Here is a dining chair that I made from some hackberry we milled up. It is jointed with pegs and glue. It planed and finished quite well really...my first attempt at a chair, and there were a few hiccups but all in all turned out better than I expected. The hardest part was getting the back legs to be the same size/shape. I didn't have any thick enough stock to just cut one then split it, so I took two boards and tried cutting one out to use as a reference for the other on the router by clamping a rough cut piece to it, but the router would just gouge or cut at an angle, or the clamps would slip a little, or both. I ended up just winging it and getting it close with hand tools and sanding. I should have just clamped two boards together and taken it to the bandsaw and then filed them down.

Reactions: Like 8 | EyeCandy! 1 | Way Cool 9


----------



## T. Ben (Jul 11, 2020)

Looks great,good job.

Reactions: Like 1


----------



## DKMD (Jul 11, 2020)

Very cool! Love the coloring in that wood!

Reactions: Thank You! 1 | Agree 3


----------



## djg (Jul 12, 2020)

Looks Great. I haven't seen too many items made from Hackberry. Nice grain. I've got some boards but they don't have nearly the color of yours.

Reactions: Thank You! 1


----------



## Nature Man (Jul 12, 2020)

Wood is very attractive! Will you be making more chairs to try and match this one, I.e.., a set of dining chairs? Chuck

Reactions: Thank You! 1


----------



## Wildthings (Jul 12, 2020)

That is real nice!

Reactions: Thank You! 1


----------



## barry richardson (Jul 12, 2020)

Nice work! I like that design...

Reactions: Thank You! 1


----------



## Augray (Jul 12, 2020)

Nature Man said:


> Wood is very attractive! Will you be making more chairs to try and match this one, I.e.., a set of dining chairs? Chuck


Yes I am working on a second one to go with it, but this project put a pretty good dent in my current stock of hackberry so will have to wait for some more stock to dry out before making a set of four.

Reactions: Thank You! 1


----------



## Mike Hill (Jul 13, 2020)

That may be the best looking hackberry I have seen!

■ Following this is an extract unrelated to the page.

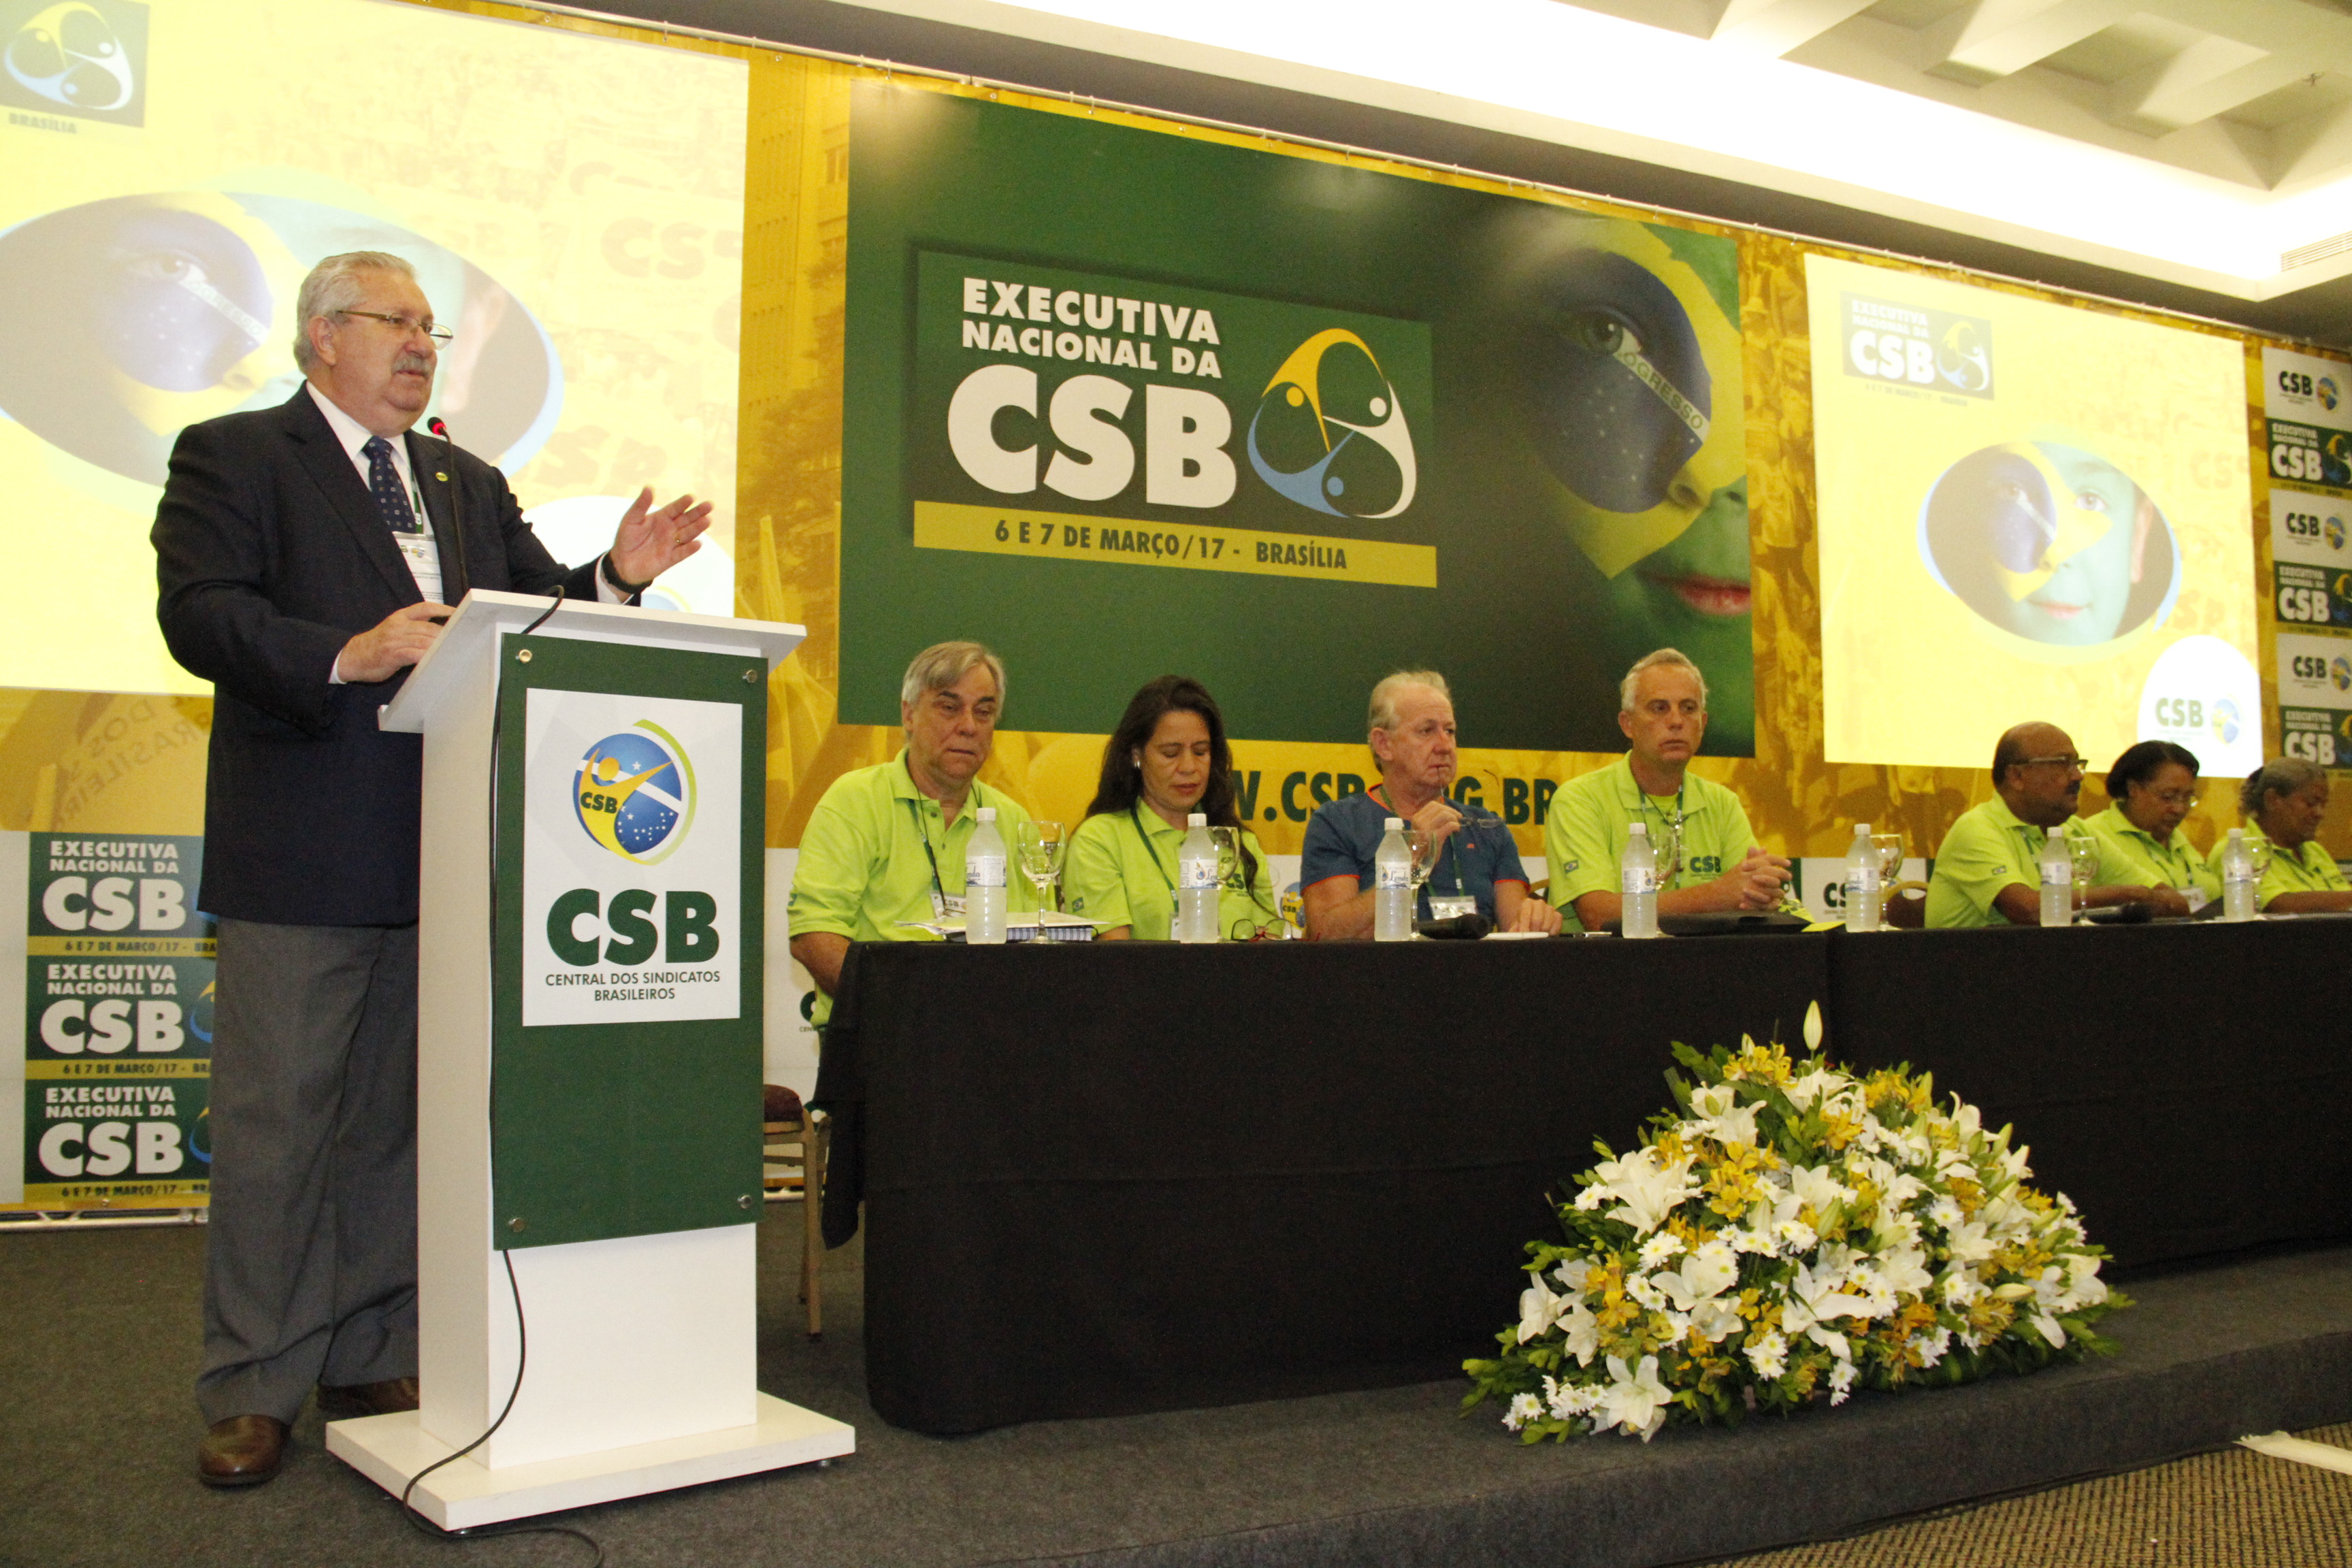 CSB apresenta agenda de congressos estaduais, cursos e seminários para 2017

Reactions: Like 1 | Agree 1


----------



## Augray (Jul 27, 2020)

Hi y'all - the seat panels are starting to separate a bit, do you have any suggestions as to how to mitigate at this stage of the game? The wood was milled over a year ago and had been air drying ever since. They're joined with dowels and glue. I was thinking maybe some sort of cleats on the underside?


----------